In my toy data
below, I'm repeating group_by()
and filter()
for variables: sample
, group
, and outcome
(but not time
).
I wonder if there is a functional solution such that we can provide the names of any number of variables that we want to group_by()
and filter()
in a loop-wise fashion inside a function like foo()
shown below?
library(tidyverse)
data <- expand_grid(study=1:3,sample=1:2,group=1:3,outcome=c("A","B"),time=0:2)
get_rows <- function(x) { # Helper function used in `filter()`
u <- unique(x)
n <- sample(c(if(is.character(x)) 0 else min(u)-1, u), 1)

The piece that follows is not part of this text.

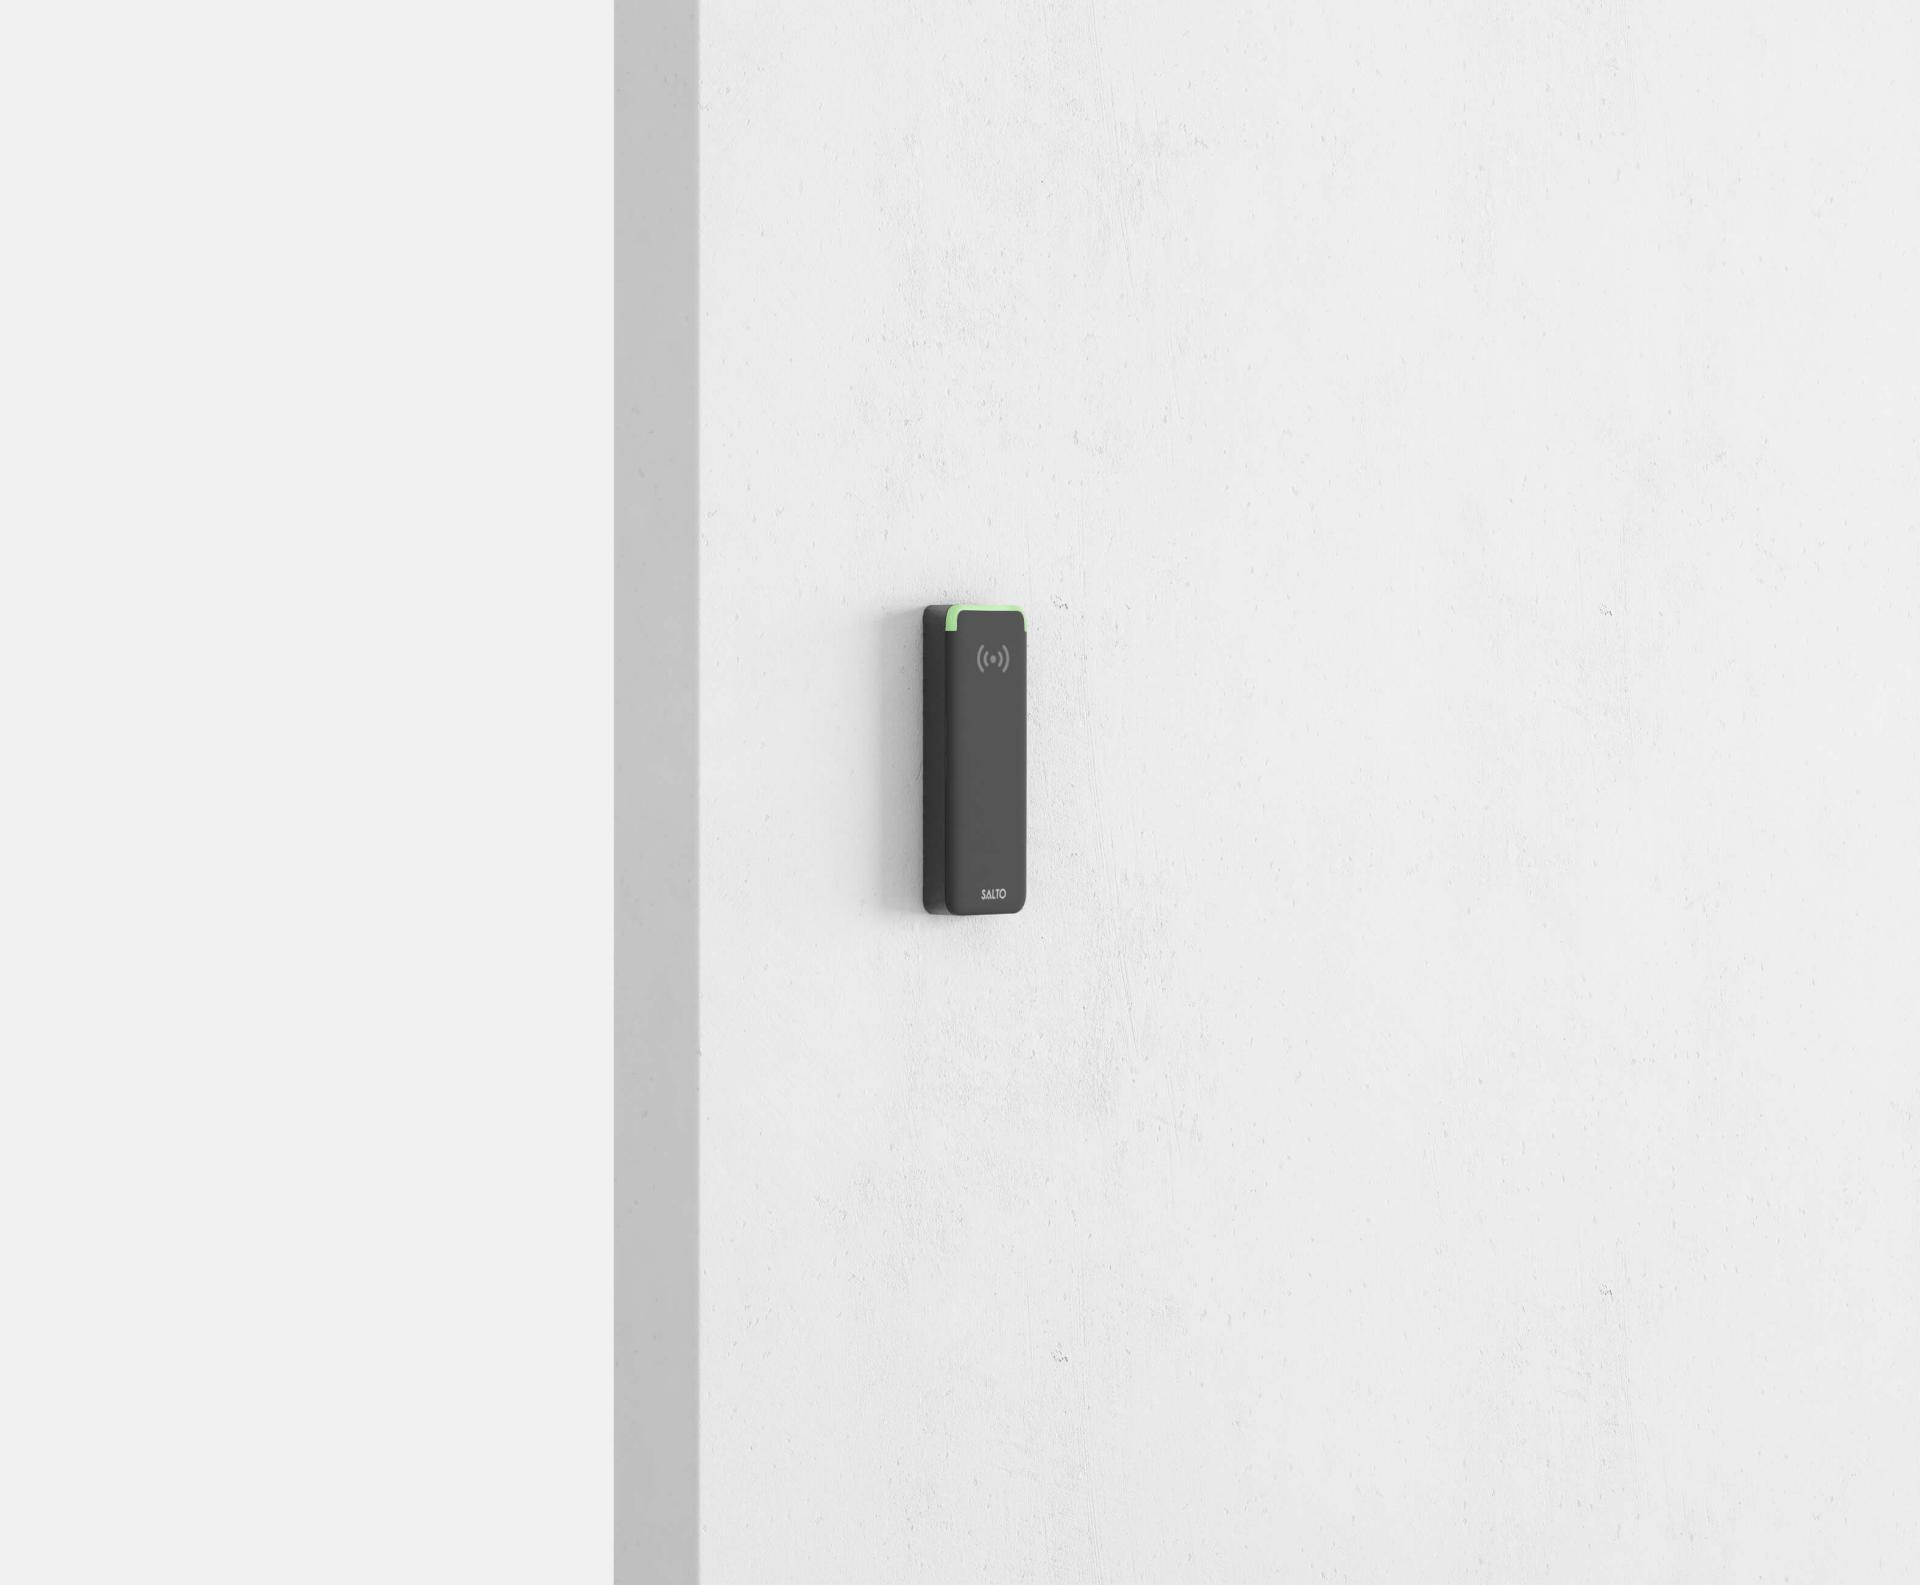 Design XS - Mullion Wall Reader
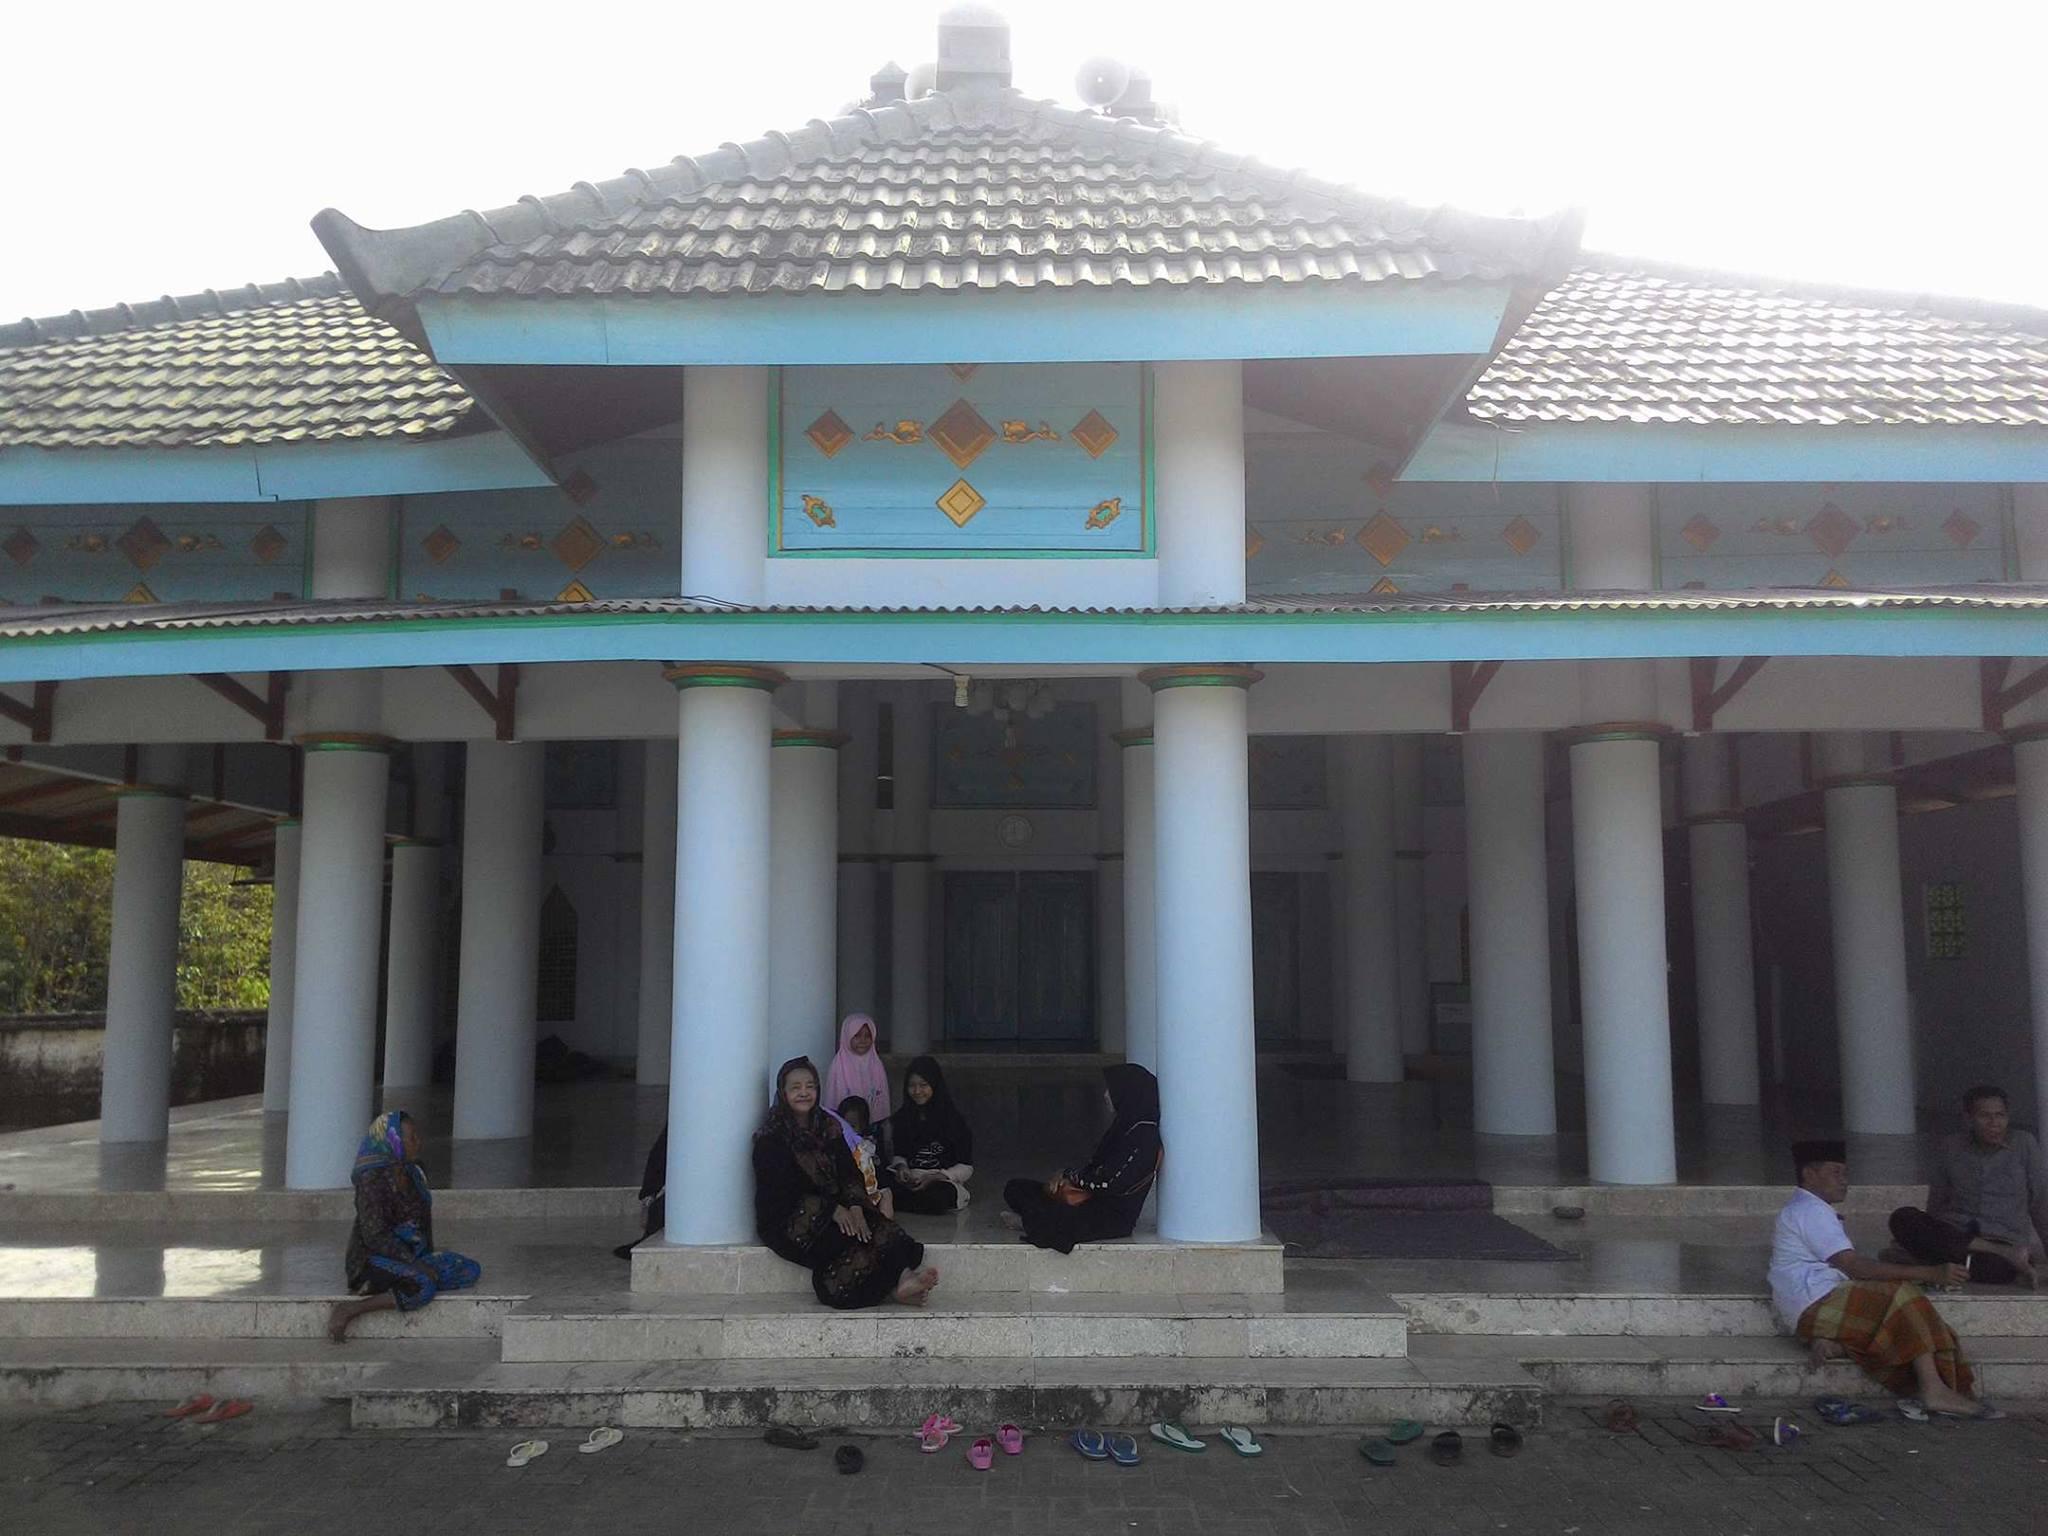 Kabupaten Sumenep Masjid Agung Batuampar Lebih Tua Kab

if(n == n[1]) TRUE else x == n
}
DF <- data %>%
group_by(study) %>%
filter(get_rows(sample)) %>% # for sample
ungroup()
DF2 <- DF %>%
group_by(study) %>%
filter(get_rows(group)) %>% # for group
ungroup()
DF3 <- DF2 %>%
group_by(study) %>%
filter(get_rows(outcome)) %>% # for outcome
ungroup()
#============================================ HOW TO LOOP ABOVE IN `foo()` BELOW?
foo <- function(data, ..., exclude_vars = c("time")){
## SOLUTION
}
CodePudding user response:
You can loop over names of variables in strings if you use the dplyr .data
pronoun. For example
foo <- function(data, exclude_vars = c("time", "study")){
vars <- setdiff(names(data), exclude_vars)
for (var in vars) {
data <- data %>%
group_by(study) %>%
filter(get_rows(.data[[var]])) %>%
ungroup()
}
data
}
foo(data)
If you prefer, you could use purrr::reduce
rather than the loop
foo <- function(data, exclude_vars = c("time", "study")){
vars <- setdiff(names(data), exclude_vars)
cleanFn <- function(data, var) data %>%
group_by(study) %>%
filter(get_rows(.data[[var]])) %>%
ungroup()
reduce(vars, cleanFn, .init=data)
}
foo(data)